DIRETRIZ 5: fortalecer o ecossistema promotor da cultura de doação
Como sei que é para mim?
Esse caminho é para os planejadores. Aqueles que são capazes de prover uma visão interconectada sobre o universo da cultura de doação, decodificando todos os seus aspectos sociais, demográficos e econômicos e, enfim, criando novas medidas para incluir cada vez mais pessoas em um movimento inclusivo, forte e democrático.

 

Como posso agir?
O ecossistema da cultura de doação e da filantropia no Brasil precisa atuar de forma cada vez mais integrada, alinhada e estratégica, com objetivos claros para todos. Nesta diretriz, tão importante quanto criar medidas para isso é traçar metas e planos concretos com prazos estabelecidos.

 

Quais são as formas de fomentar novos espaços para promover a cultura de doação no Brasil? Que estratégias podem ser adotadas para tornar a causa atraente e sensibilizar investidores sociais, trazendo uma fundação sólida para o campo e, ao mesmo tempo, capilarização e representatividade nacional?

 

Igualmente importante aqui é o estabelecimento do compromisso claro: onde você vê a cultura de doação daqui 20 anos no seu nicho de atuação?
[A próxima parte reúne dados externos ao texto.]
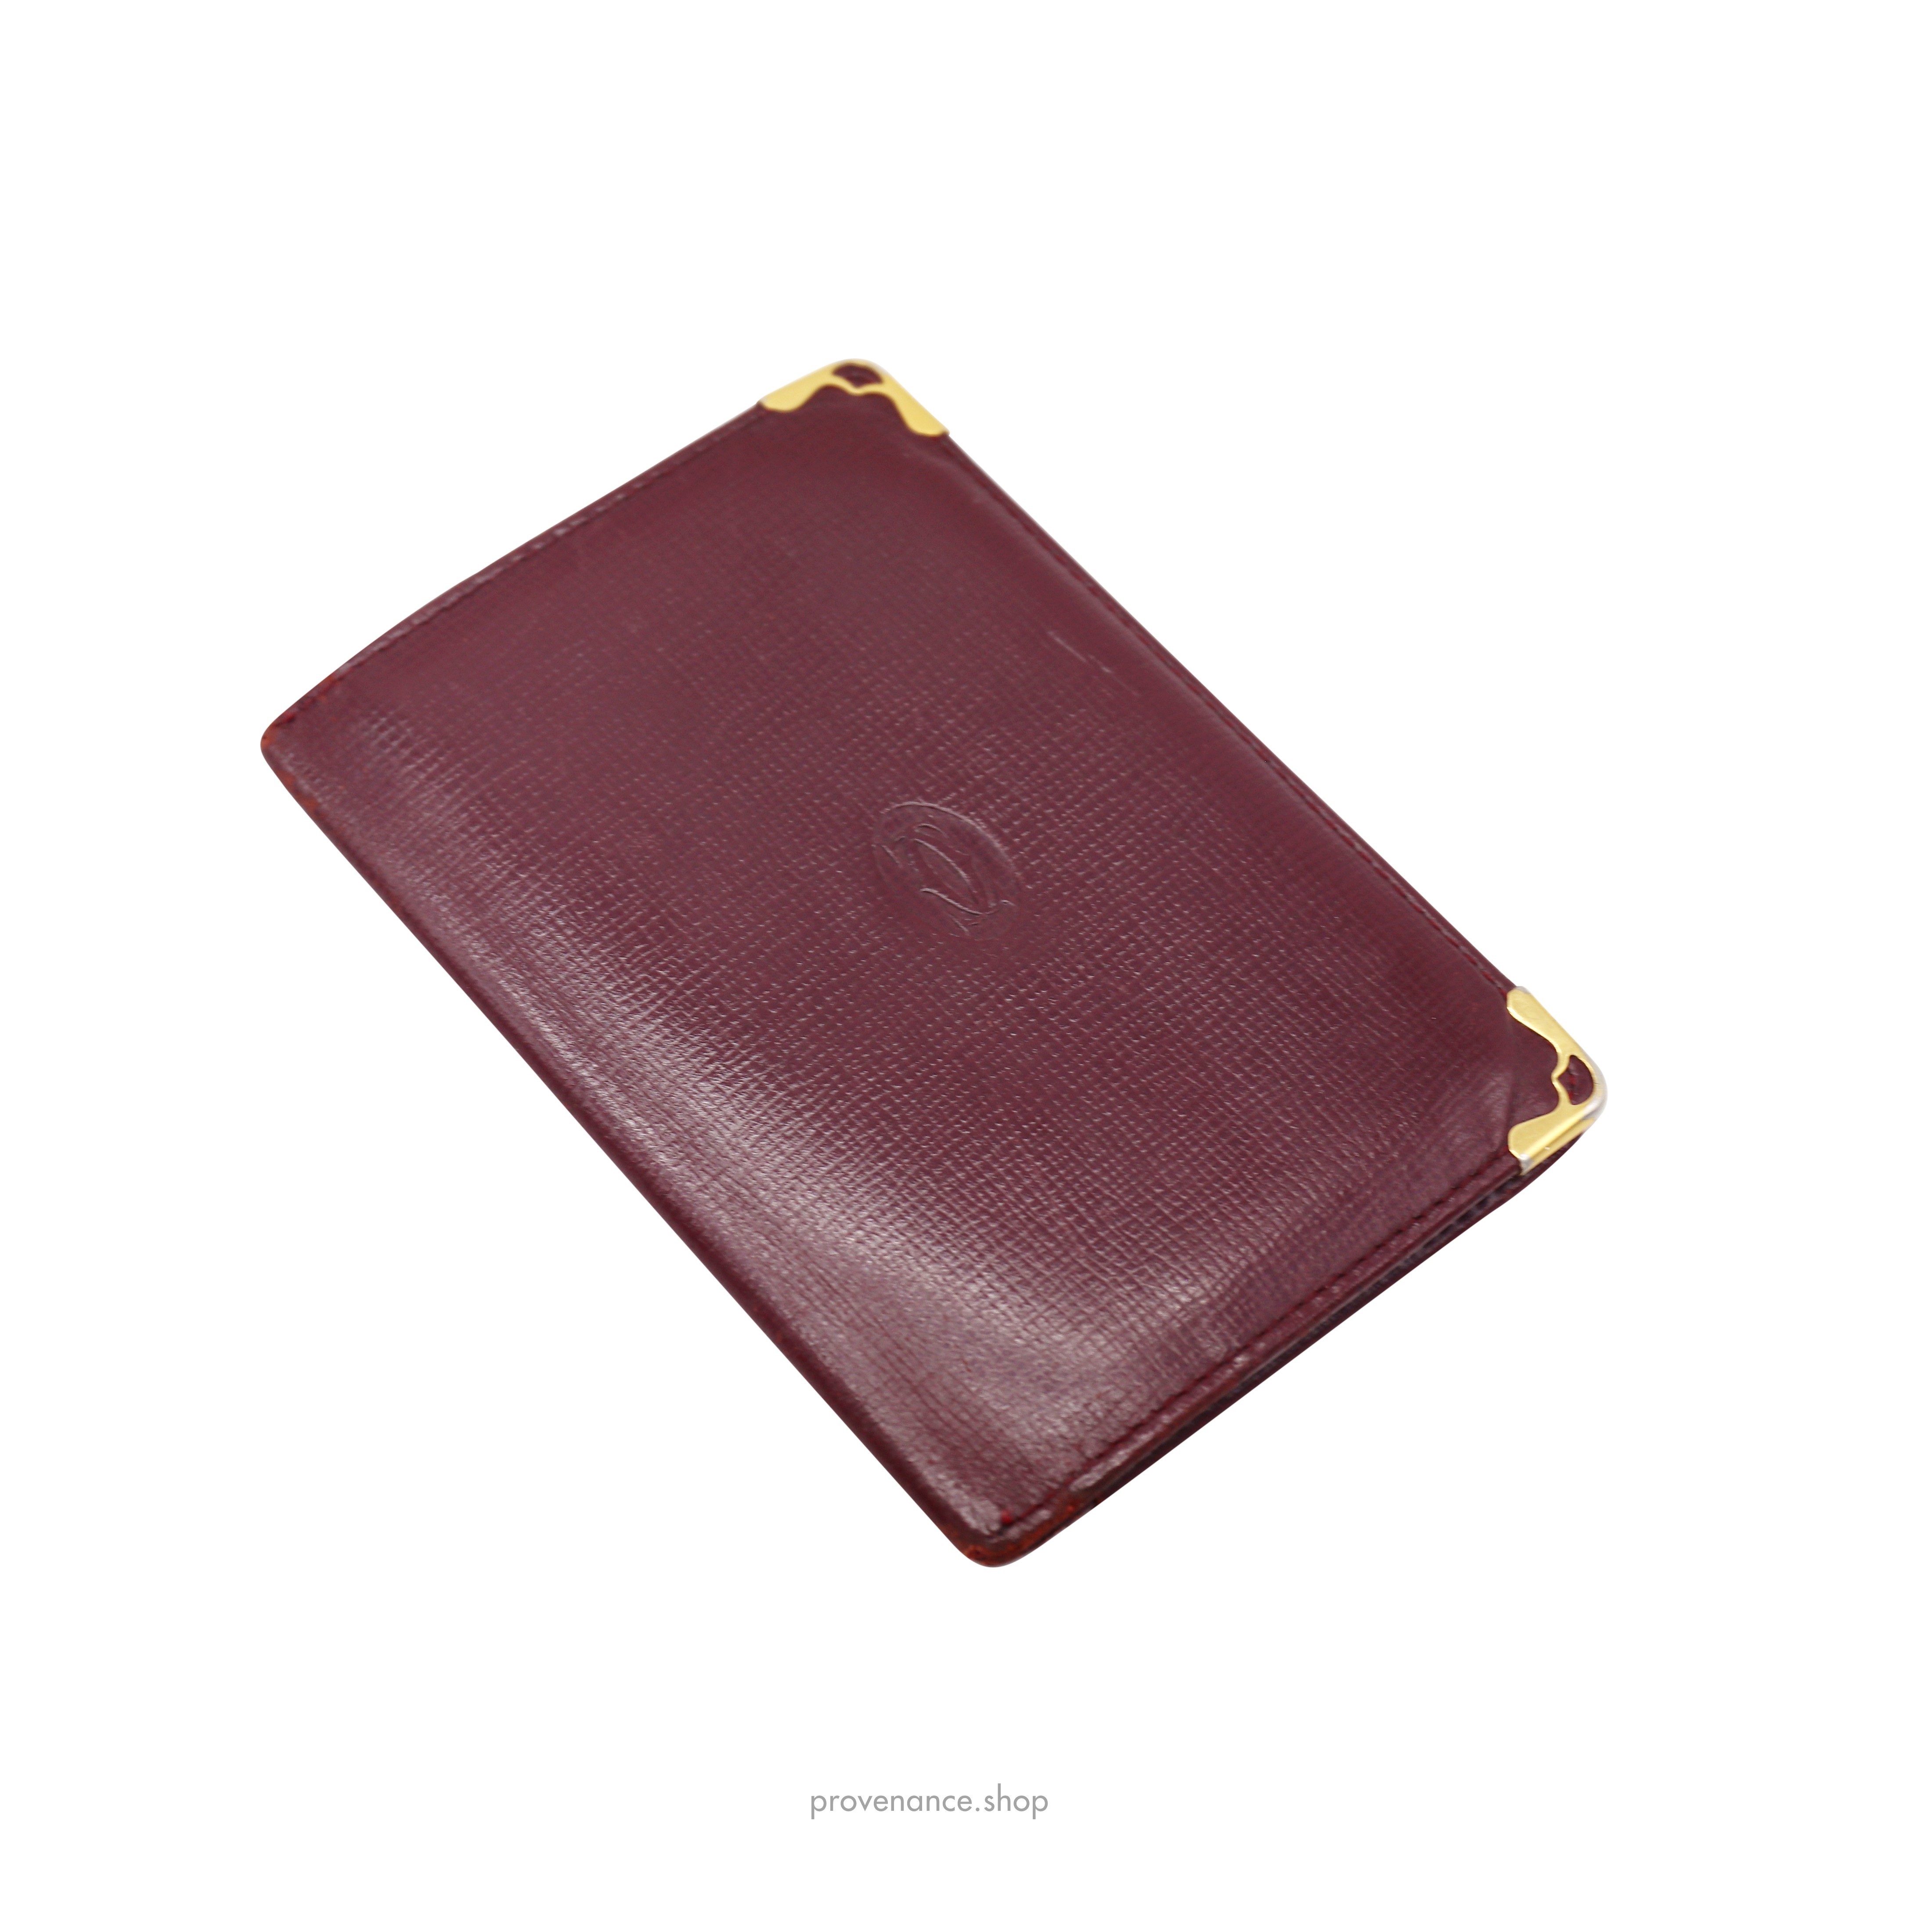 Pocket Organizer Wallet - Burgundy Leather - 3

Para ela chegar lá, onde precisa estar daqui 10 anos? E em 5 anos, 2 anos, 1 ano? Que iniciativas precisam ser colocadas em prática hoje, aqui, agora? Quem você deve procurar e o que você vai pedir? Que prazo vai estabelecer?

 

Talvez você se pergunte por que deveria se preocupar, considerando que também está contando seus danos e analisando seus próprios prejuízos durante essa pandemia. E a resposta é simples: não há sobrevivência social sem solidariedade. Não há prosperidade verdadeira enquanto também houver miséria. No longo prazo, tornar-se embaixador dessas diretrizes significa ser protagonista na diminuição das desigualdades.

 

Mais do que pessoas com boas intenções, nosso país precisa de gente que queira mudar a forma como enxergamos a filantropia. E o primeiro passo a ser dado é abranger nosso olhar entendendo que doação é distribuição de renda. É educação para a filantropia. É iniciativa coletiva. E começa com você.

 

Leia o documento do Movimento por uma Cultura de Doação. Procure pelo menos uma diretriz em que você ou seu negócio podem se encaixar. Trace metas para colocar processos em prática da mesma maneira que você traça metas de lucratividade. Assuma o compromisso com o presente e o futuro. Nós temos certeza: com esse pensamento, todo mundo vai sair ganhando.

 

*Texto publicado na coluna Razões para Doar, de Época Negócios, em setembro de 2020.